As different state governors and legislators look at the plight of boys in America, Sean Kullman works with various governments to help them set up commissions and programs. Today’s guest blog post provides crucial insight into what is needed to help our boys and young men.
Sean’s book with Michael Gurian was published last year, Boys, A Rescue Plan, to expand and deepen these themes. Learn more about how to help boys and girls at our Summer Training Institute: https://gurianinstitute.com/events/gurian-summer-institute-2026/ Now here is more from Sean, who will present a Bonus Keynote at our Summer Institute.
Several years ago, a friend of mine shared a minor incident that occurred at her local public school when her son was in the third grade. While standing in line, a boy (Johnny) pulled on her son’s backpack from behind, pushed him forward, and pulled on the backpack again—moving him like a human yoyo. After doing this several times over a few days, her son turned around and pushed Johnny as a way to stand up for himself and let him know—enough is enough.
While the boys managed to put this behind them fairly quickly and eventually started playing together on the playground, administration, a teacher, and the parents seemed to hold on to this issue far longer than the boys. The boys, in this instance, seemed more resilient than the parents and educators who wanted the boys to spend a week talking about their feelings.
The boys had gone through a rite of passage common among boys at that age. In the school’s defense, they too worry about these issues that in some instances are more troublesome and that is where the real problem lies. The boys, who were nine, had actually worked it out on their own while the adults felt the need to tell—although adults often think of this as encourage—the boys to use their words and express their feelings. My friend, when repeatedly asking her son to talk about the incident, had watched her son retreat from the conversation because he realized what the others had not. “Move on!”
When my friend later asked for a better way to handle the situation, I suggested the following. Watch and see how the boys react over the next few days or deal with it immediately by making the boys do something together. My recommendation? The teacher should have grabbed two rags, sprayed all the desks in the classroom with a cleaner, and then had the boys start at opposite ends of the classroom until they reached a common desk, where both would clean the same desk. Then the teacher could have simply said, “go play and stop being annoying.”
One even wonders if that approach is even possible in today’s school system, as feelings have taken over and resilience has been marginalized. That, in my view, is where we see conflicts of visions for a very simple problem. Boys express their feelings differently than girls and often do not include lots of words but need, instead, action solutions.
In 1987, Thomas Sowell released A Conflict of Visions: Ideological Origins of Political Struggles, with a later edition published in 2007. Sowell considered this work one of his own favorites among the dozens of books he’s written.
This seminal work aims to get at the “underlying assumptions behind the very different ideological visions of the world being contested in modern times” (Sowell).
One could rightly argue that Sowell’s work reveals the way conflicting visions have more serious consequences than the one among two nine-year-old boys in a schoolyard but whose schoolyard antics reveal the way universal concepts find their way into everyday lives, particularly for boys.
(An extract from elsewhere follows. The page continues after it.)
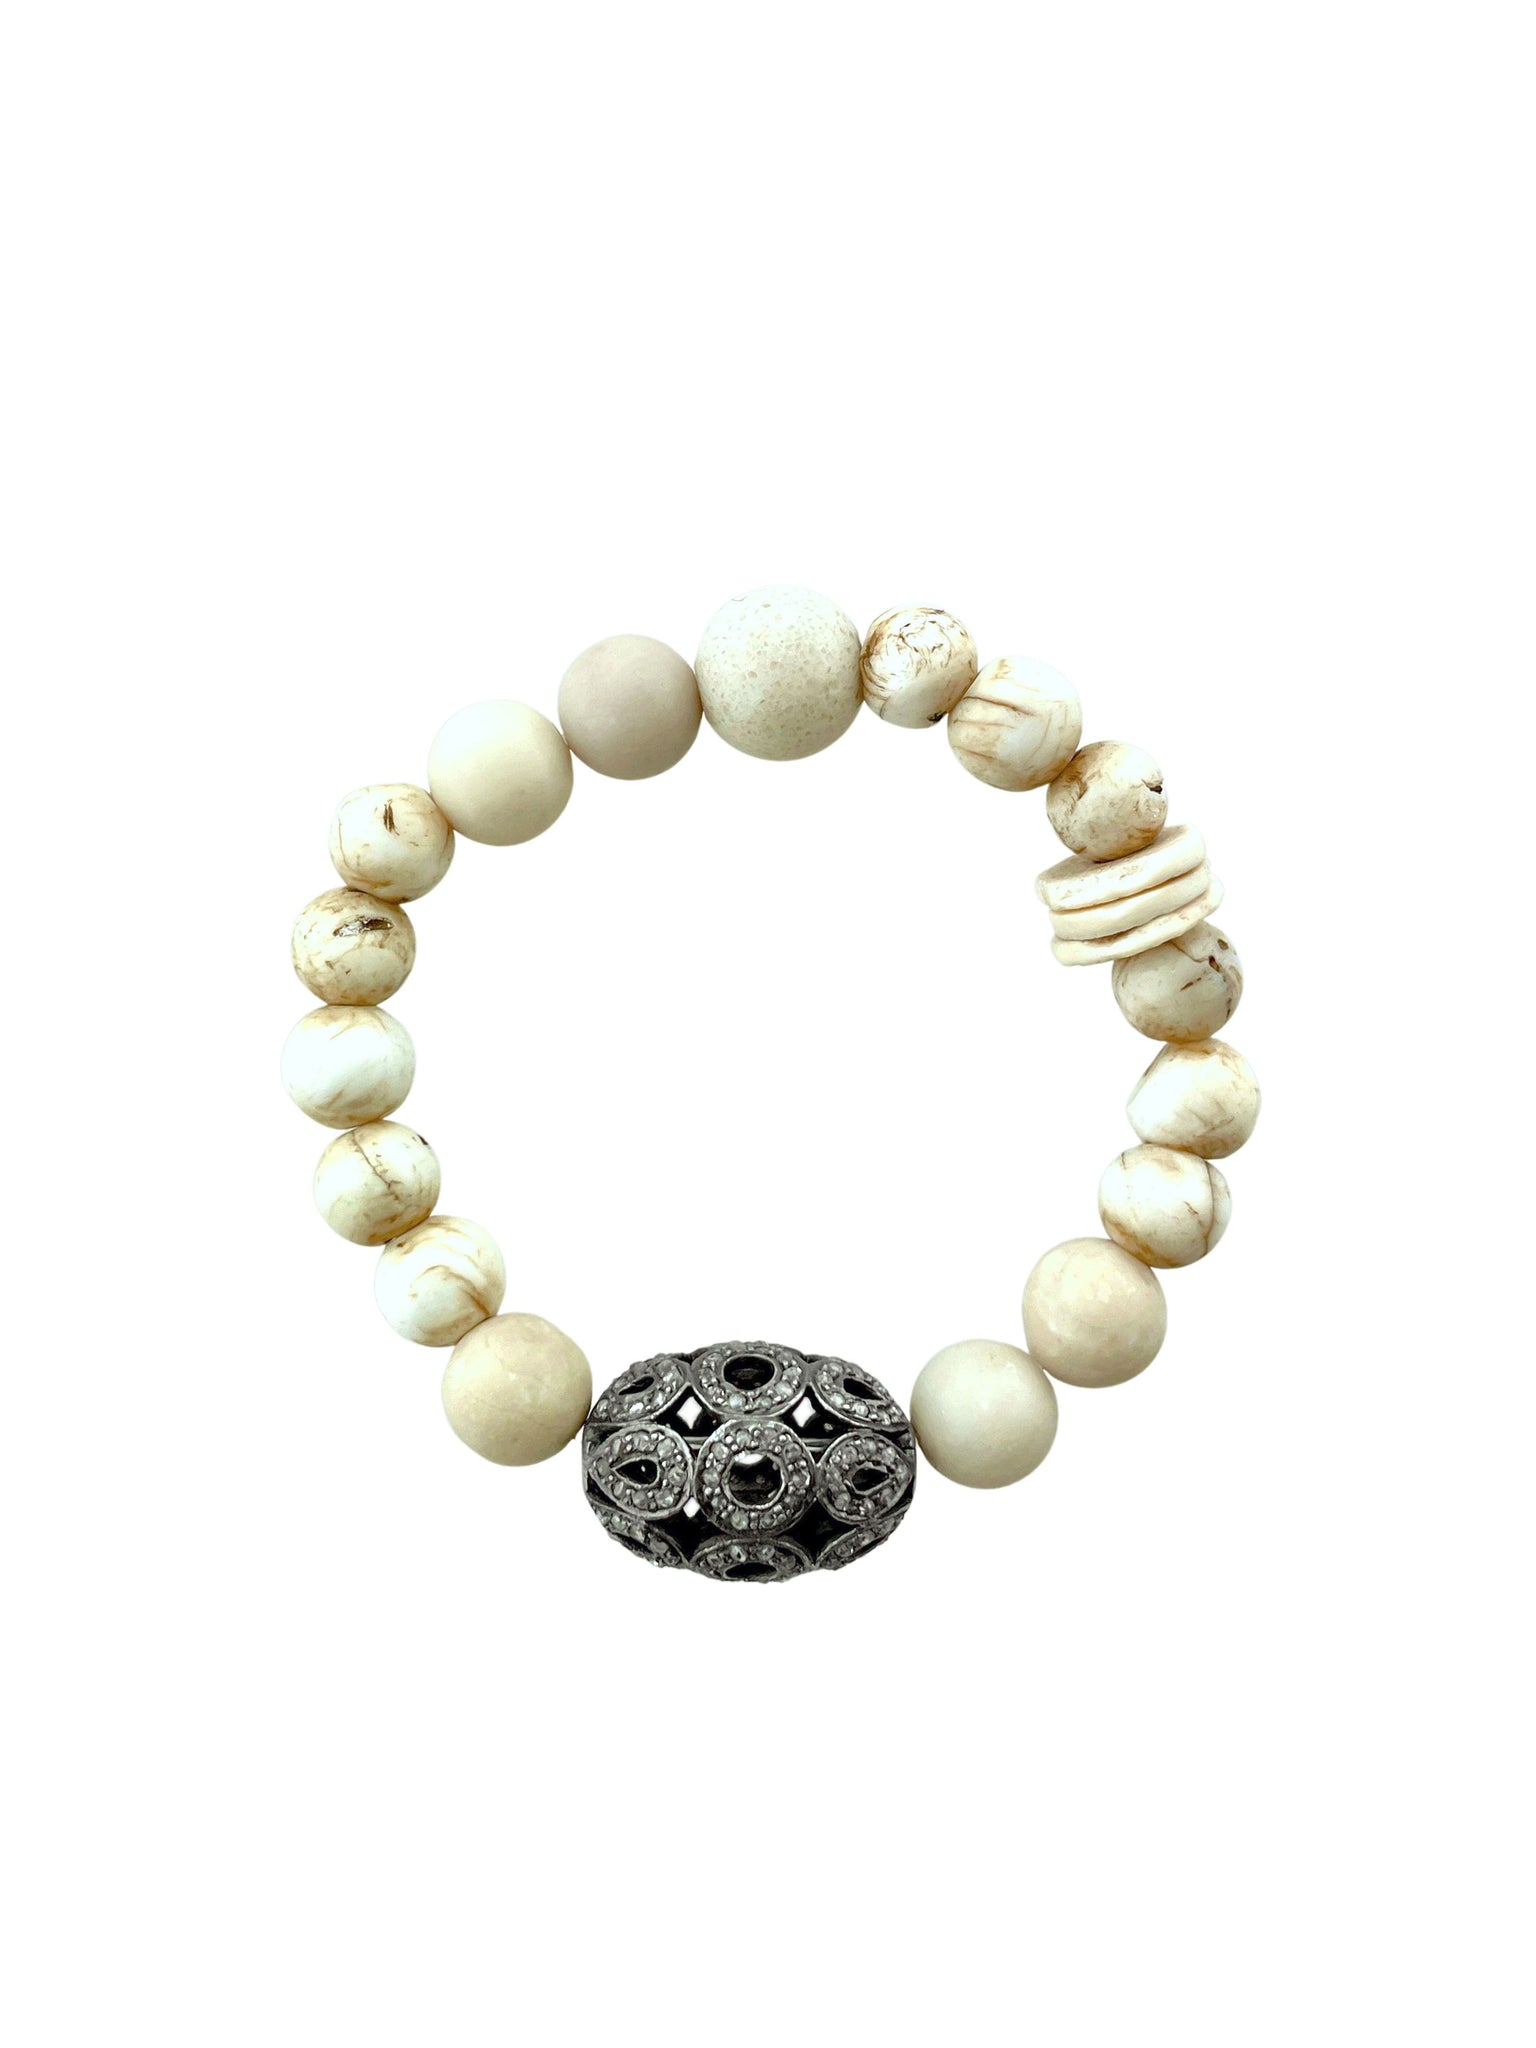 Extra Large Pave Diamond Bead on Shell and Coral Beads

Although Sowell was not writing about boys’ issues in particular, his work explains the way policies and actions are formed around competing visions: And there are certainly conflicting political visions when it comes understanding the way the nature of boys and the nurture of boys are at odds more so now than ever. By nature, I’m referring specifically to biological sex differences, including the brain. By nurture, I’m referring to the ways we integrate our understanding of male and female nature into all sorts of practices around education, mental health, family formation, fatherlessness, physical health, systemic government practices, and many other areas often impacted by policy actions and cultural practices. Different visions of nature and nurture are present in policies that hope to tackle issues impacting boys and men.
But like the boys in the schoolyard mentioned above, the left-leaning mindset aims to offer solutions to these issues by using sociological approaches that want to re-educate boys on the ways they think, act, and behave instead of understanding the ways boys think, act, and behave. While so many boys’ behaviors are normal, the left-leaning approaches employ cultural practices that seem incumbent on changing nature—telling boys what they’re not instead of guiding them toward what they were meant to be.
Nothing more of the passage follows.